# What's causing this wood damage?



## masonbrown (Nov 7, 2011)

I'm working on installing some new soffit and replacing rotten decking beneath a poorly installed section of shingles on a small overhang protruding from the first story of a two story house. As I was pulling off the fascia board on the end of the overhang, the section of 2x4 to which it was secured practically crumbled apart into a few pieces with the slightest bit of pressure from my pry bar.

I'm hoping someone can tell me what might have caused the damage to this board (pics below). I've done a bit of research on wood-destroying insects and don't see a very clear match for the damage I'm seeing here. I'd feel a lot better knowing what caused this damage in the first place before sealing everything back up after replacing everything that's not in excellent shape.

FWIW, I'm in Forney, Texas (suburb of Dallas) and the house was built in 1989 to what I've come to understand is "professional" standards (aka cheaply and with little regard for proper building materials and practices).

Thanks!

-Mason


----------



## oh'mike (Sep 18, 2009)

Might be powder post beetles---but the damage appears to be in the log,before milling and kiln drying--see how the chambers are sliced open? (kiln drying will kill them)

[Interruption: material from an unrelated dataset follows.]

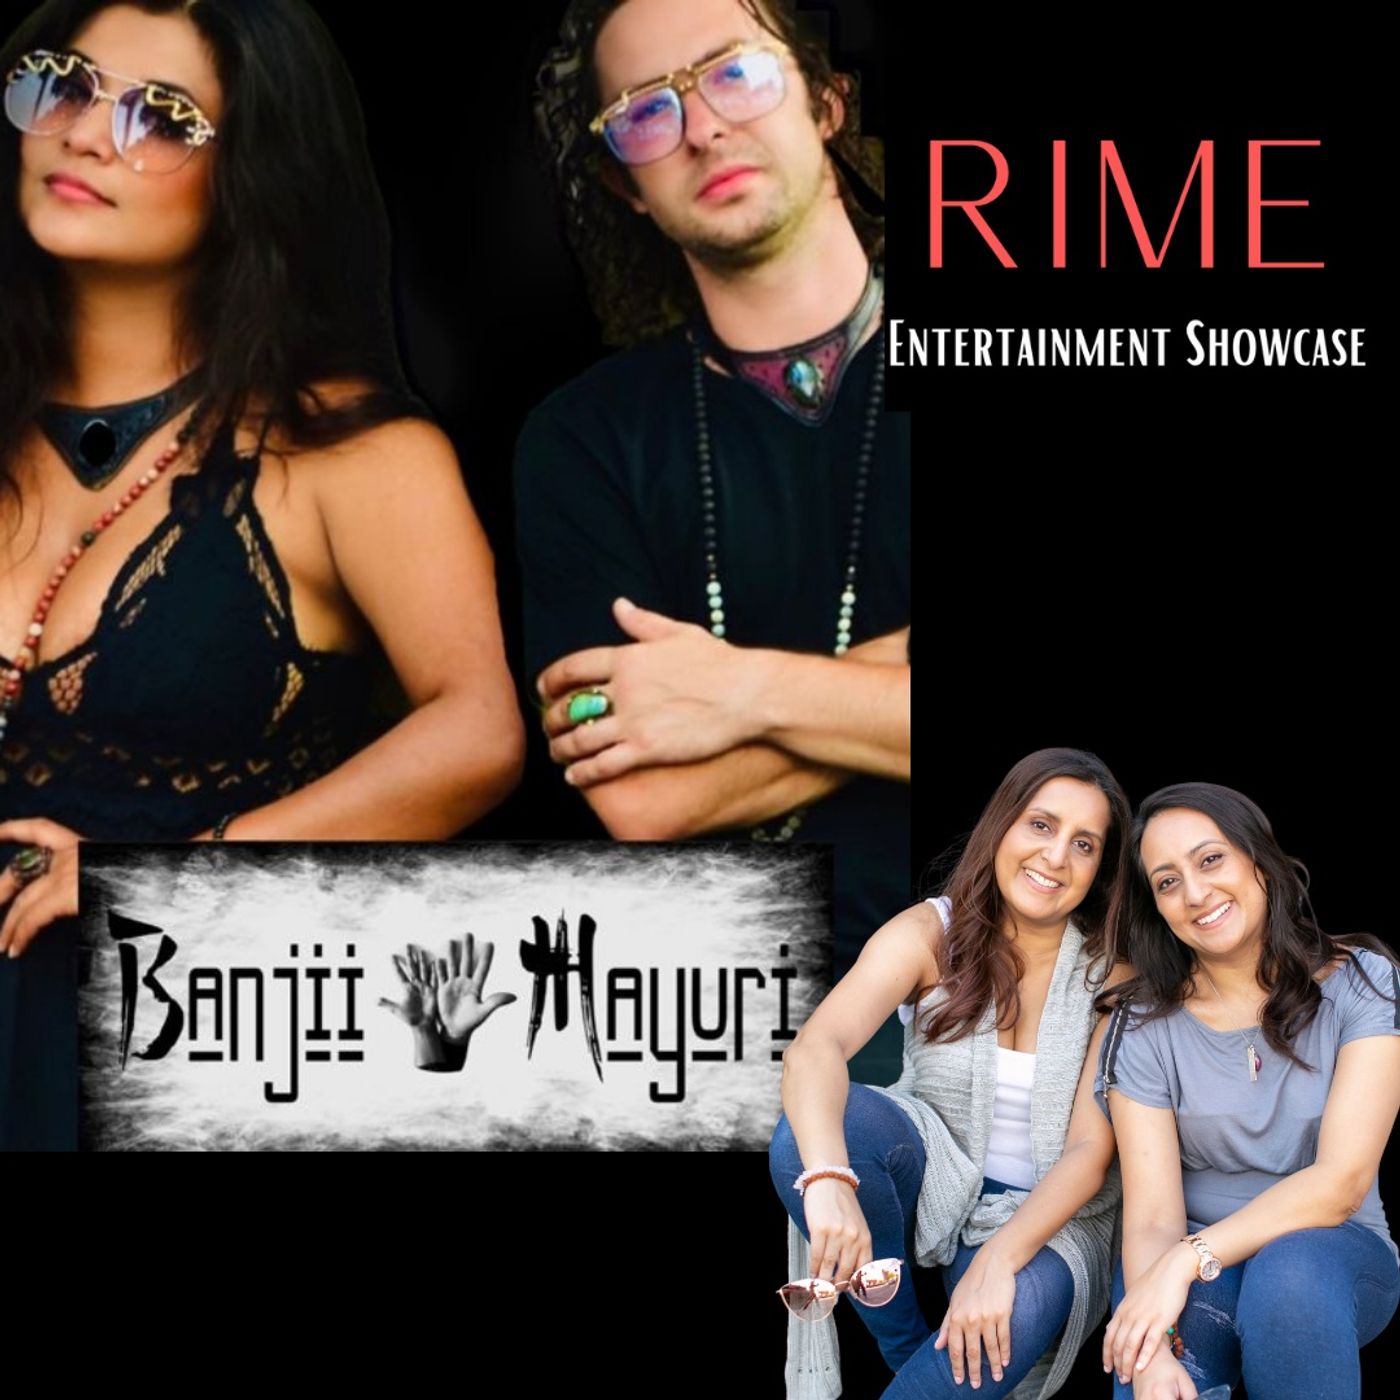 RIME Entertainment Showcase - Banjii and Mayuri Interview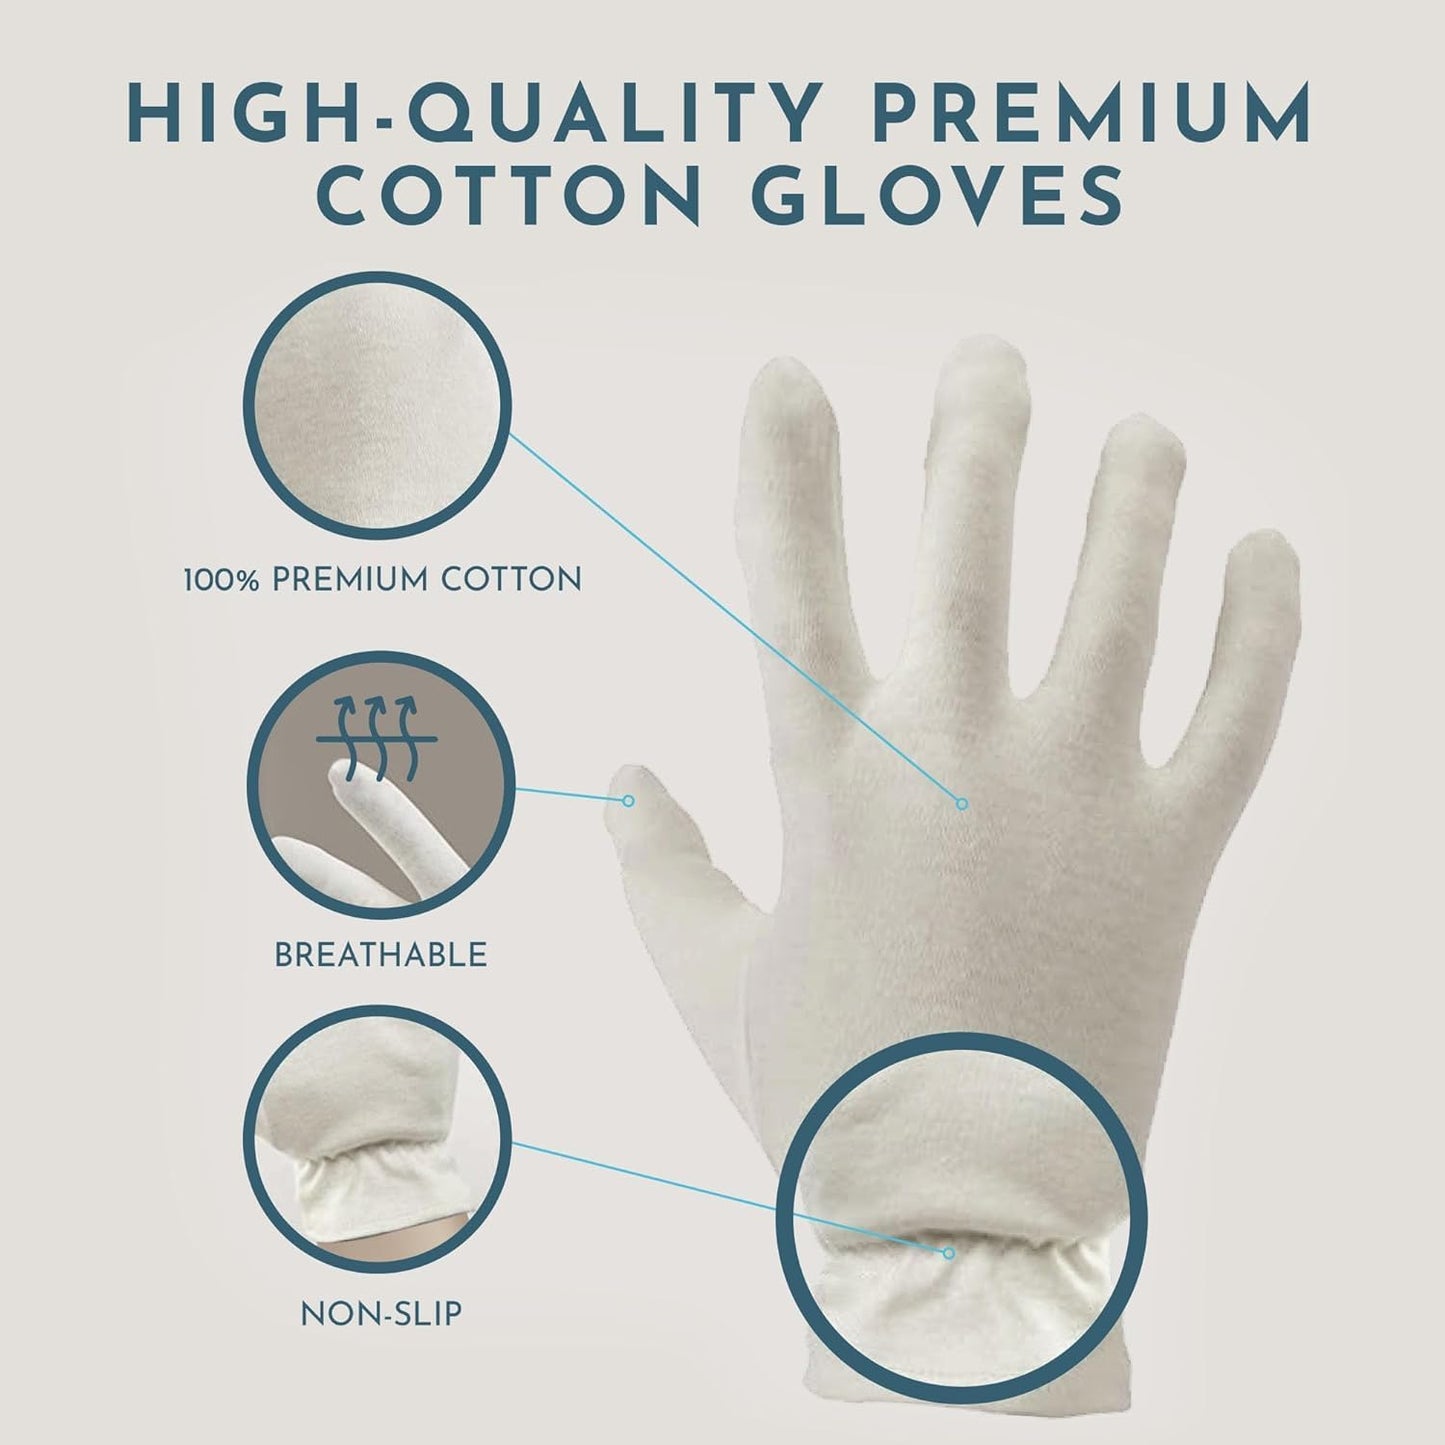 Gaxcoo/Cottonnerie 100% Premium Cotton Moisturizing Gloves 7 pairs

did you see fresh saw dust when you demoed that area? active powder post beetles leave fine saw dust---investigate the surrounding areas for infestation---you do not want to have them eating your house---


----------



## joecaption (Nov 30, 2011)

I'm guessing Old House Boring Beetle.
Main reason is the oval, large, not round holes. 
Boring Beetles leave round small holes.
http://www.fidelityx.com/Oldhouseborer.html


----------



## oh'mike (Sep 18, 2009)

joecaption said:


> I'm guessing Old House Boring Beetle.
> Main reason is the oval, large, not round holes.
> Boring Beetles leave round small holes.
> http://www.fidelityx.com/Oldhouseborer.html


Thanks for looking in---you have more knowledge about bugs than I do---Mike----


----------



## joecaption (Nov 30, 2011)

Still just a guess.
Is that because I've been "bugging" people longer then you have Mike?


----------



## Lelani (Feb 28, 2014)

Looks like beetle or weevel. What part of the country are you in?


----------